Mientras que el rastro del dinero fuera limpio, naturalmente sería descongelado, pero ciertamente habría un período de congelamiento antes de eso.
Wang Jianfei, observando las cambiantes expresiones de Gu Changsheng, estaba interiormente encantado.
—Gu Changsheng, ¿qué sugieres que hagamos ahora?
—¿Deberíamos todos sufrir contigo?
—Si te has quedado sin dinero, deberías haberlo dicho antes.
¿Cómo puedes comer y escapar?
Gu Changsheng se quedó sin palabras.
Wang Jianfei continuó con una sonrisa:
—De lo contrario, ¿por qué no haces que venga tu esposa a pagar la cuenta?
—¡Lo haré yo!
—Jiao Man se puso de pie—.
¡Pagaré por ti primero, y me lo puedes devolver después!
¿Devolver después?
¡Quién lo creería!
Estaba claro que Jiao Man estaba pagando de su propio bolsillo, y si le devolverían el dinero era otro asunto.
Inmediatamente, murmullos se extendieron entre los presentes.

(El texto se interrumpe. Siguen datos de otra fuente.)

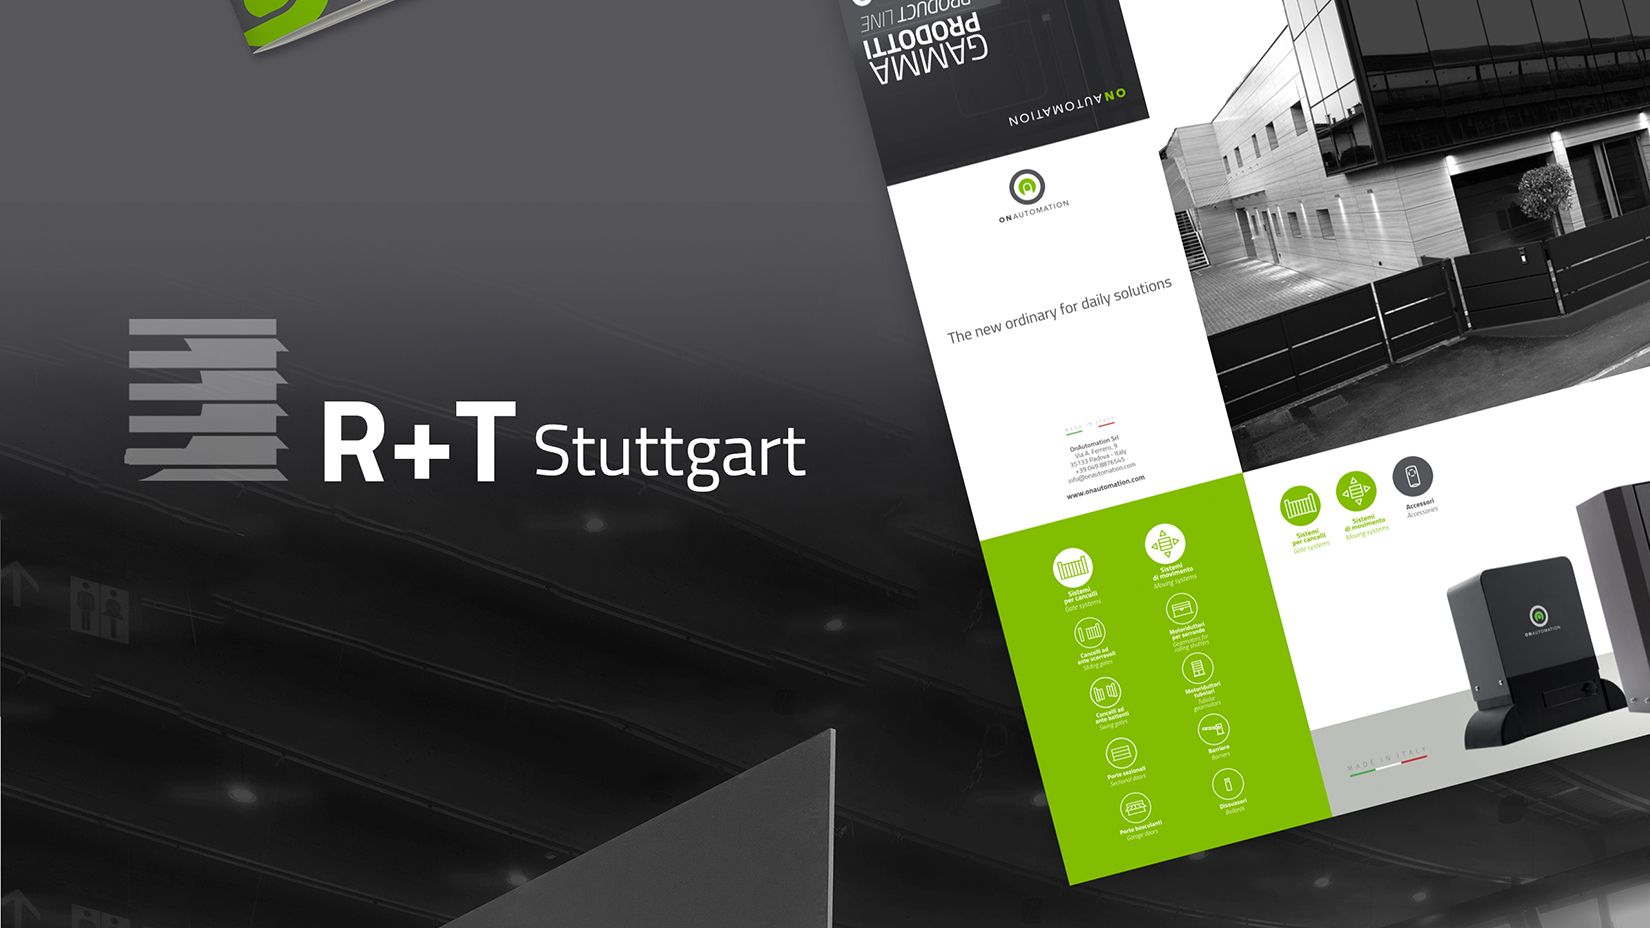 Allestimenti Fieristici Design Stand R+T 2018 OnAutomation 06

—¿Cómo pudo Gu Changsheng hacer esto?
—Tiene esposa, pero Jiao Man tiene que pagar la cuenta…
es como si estuviera viviendo a costa de una mujer, ¡y esa mujer es la belleza de nuestro campus!
—Si yo fuera él, preferiría romperme la cabeza y acabar con todo.
—Jiao Man, deberías hacer que lo resuelva él mismo.
¿No insistió en que todos pidiéramos libremente, afirmando que no es como Zhang Feifan, que se preocuparía por unas cuantas botellas de vino y platos?